Collinwood Township was named after Collinwood, Canada, where the first settlers in the area came from. There is also a Collinwood Lake nearby. For a few years, the township was known as New Virginia (the 1870 U.S. Census lists it as such). In May of 1866, the first settlers came. They were Oliver Rasnick, Henry Fuller, George Fuller, and Jacob, Nancy, and Thomas Hutchins. The town was organized on May 8, 1866. The first Justice of the Peace was Oliver Rasnick. The first death was the child of E. K. and Jane Counts, who were from Virginia. In 1857, John Taylor and Elizabeth Hutchins were the first couple to be married there. Also that year, Alexander Ramsey married Margaret Hutchins.
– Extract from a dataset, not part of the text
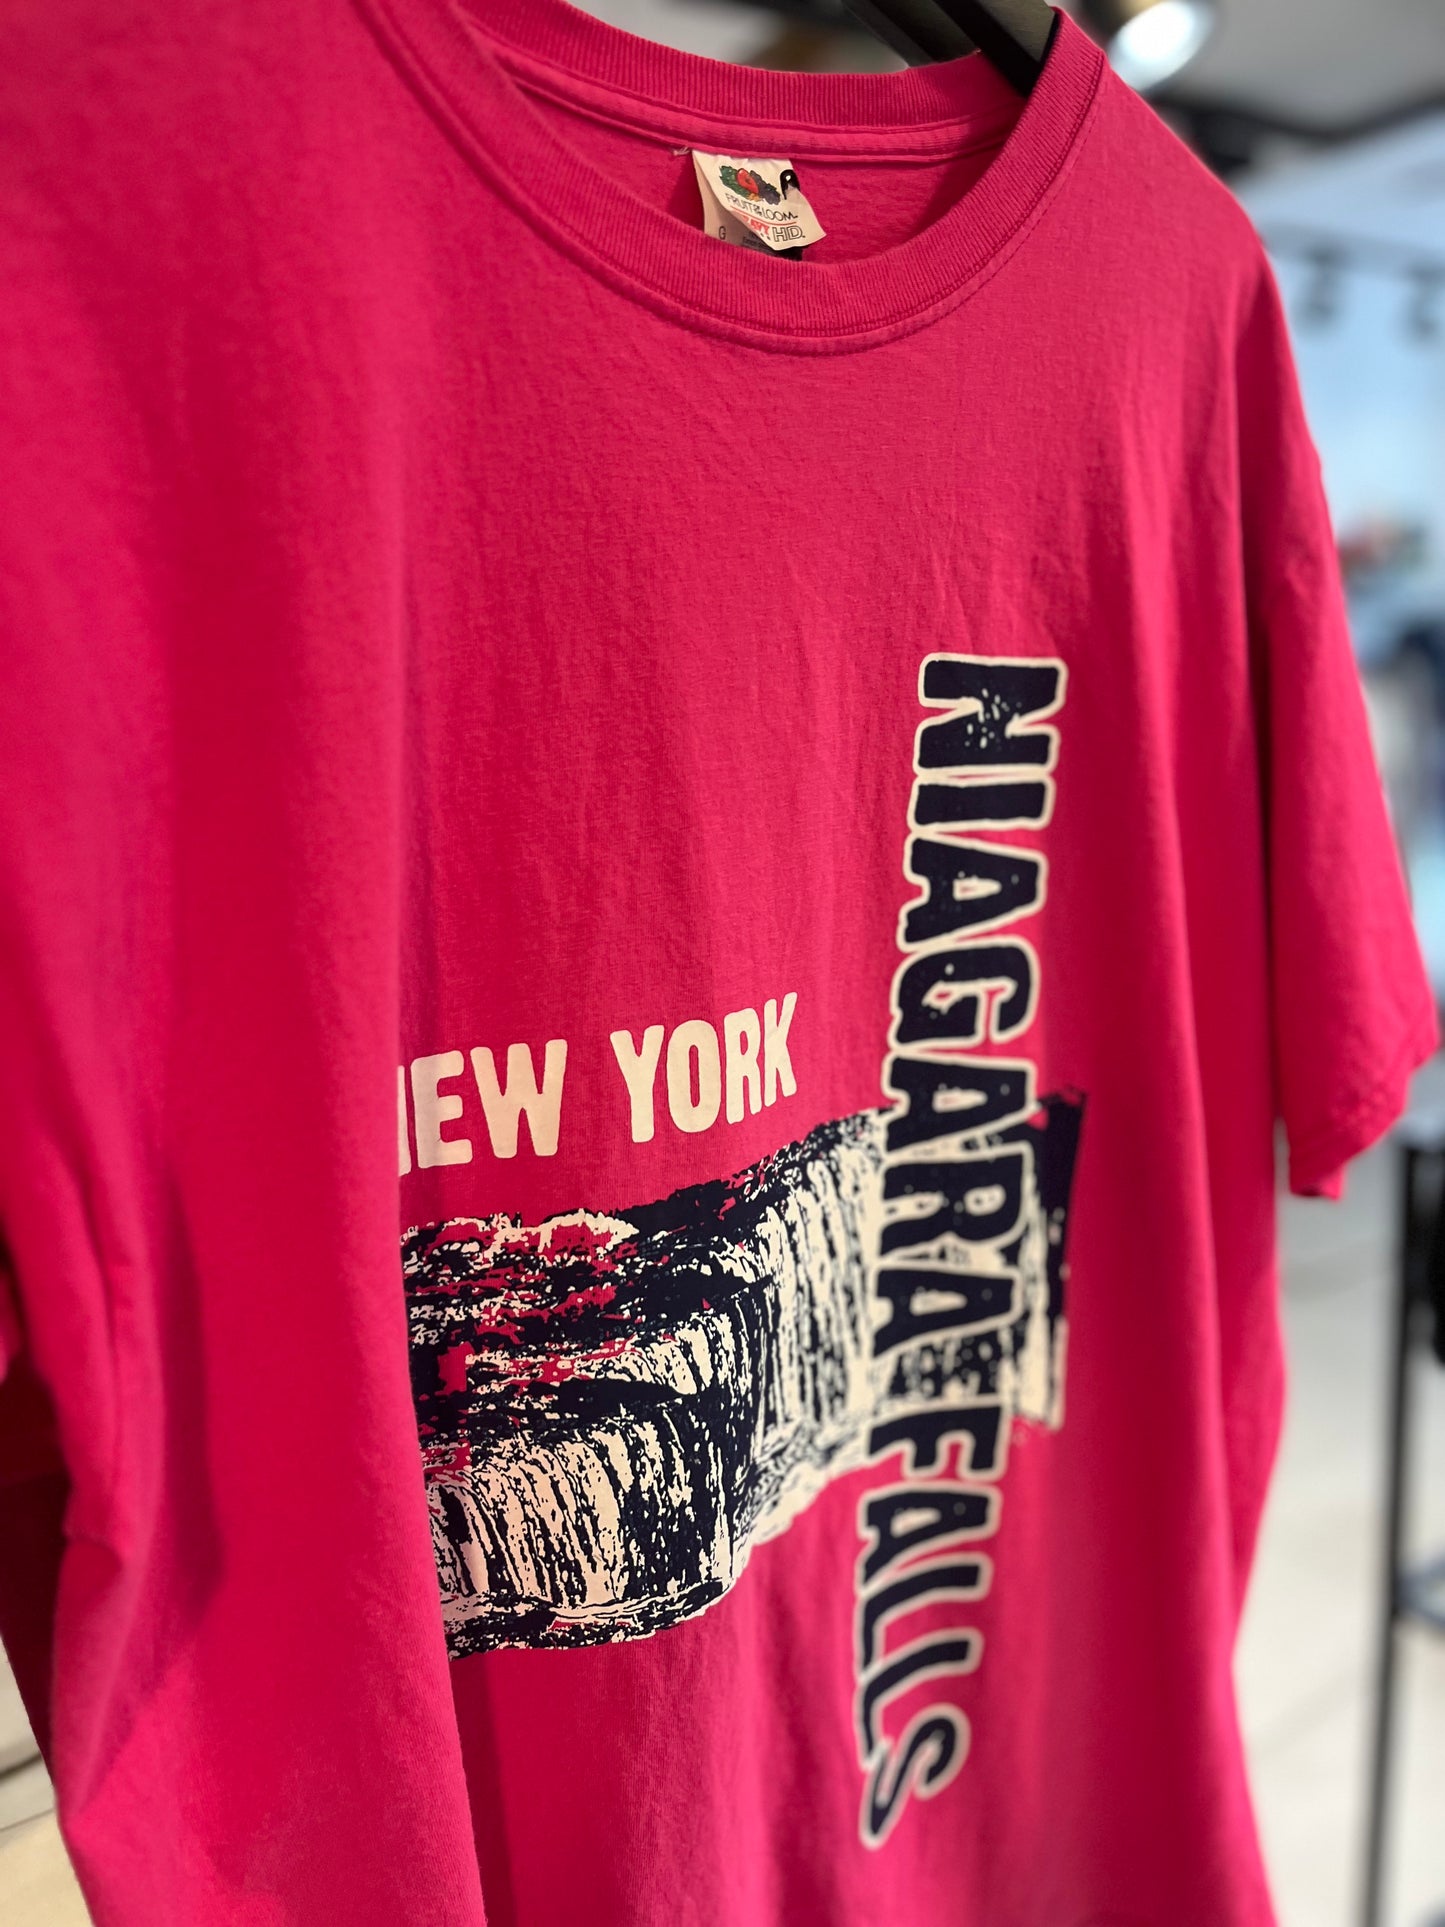 Tee-shirt rose US NiagaraFalls L

The population was 1,037 in the 2000 census.

==Geography==
According to the United States Census Bureau, the township has a total area of 36.1 sqmi, of which 31.0 sqmi is land and 5.0 sqmi (13.92%) is water.

Collinwood Township is located in Township 118 North of the Arkansas Base Line and Range 29 West of the 5th Principal Meridian.

==Demographics==
As of the census of 2000, there were 1,037 people, 364 households, and 289 families residing in the township. The population density was 33.4 PD/sqmi. There were 462 housing units at an average density of 14.9 /sqmi. The racial makeup of the township was 99.32% White, 0.10% Asian, 0.19% from other races, and 0.39% from two or more races. Hispanic or Latino of any race were 0.77% of the population.

There were 364 households, out of which 36.3% had children under the age of 18 living with them, 73.9% were married couples living together, 2.5% had a female householder with no husband present, and 20.6% were non-families. 16.2% of all households were made up of individuals, and 5.8% had someone living alone who was 65 years of age or older. The average household size was 2.85 and the average family size was 3.16.

In the township the population was spread out, with 28.0% under the age of 18, 5.4% from 18 to 24, 25.6% from 25 to 44, 27.9% from 45 to 64, and 13.2% who were 65 years of age or older. The median age was 40 years. For every 100 females, there were 114.3 males. For every 100 females age 18 and over, there were 113.4 males.

The median income for a household in the township was $56,786, and the median income for a family was $63,295. Males had a median income of $41,200 versus $30,000 for females. The per capita income for the township was $22,065. About 4.1% of families and 6.2% of the population were below the poverty line, including 11.6% of those under age 18 and 1.6% of those age 65 or over.

==Steelesville==
Located within the township is an area known as Steelesville. The community of Steelesville was first delineated by the school district of the same name. The school was a typical rural America one-room school building occupied by students in grades one through eight who resided in the confines of the Steelesville School district. Also located within the Steelesville community is the Steelesville Cemetery. The Steelesville Cemetery is a one-acre active cemetery, owned by Gethsemane Lutheran Church, Dassel, Minnesota, and maintained by the Steelesville Cemetery Association.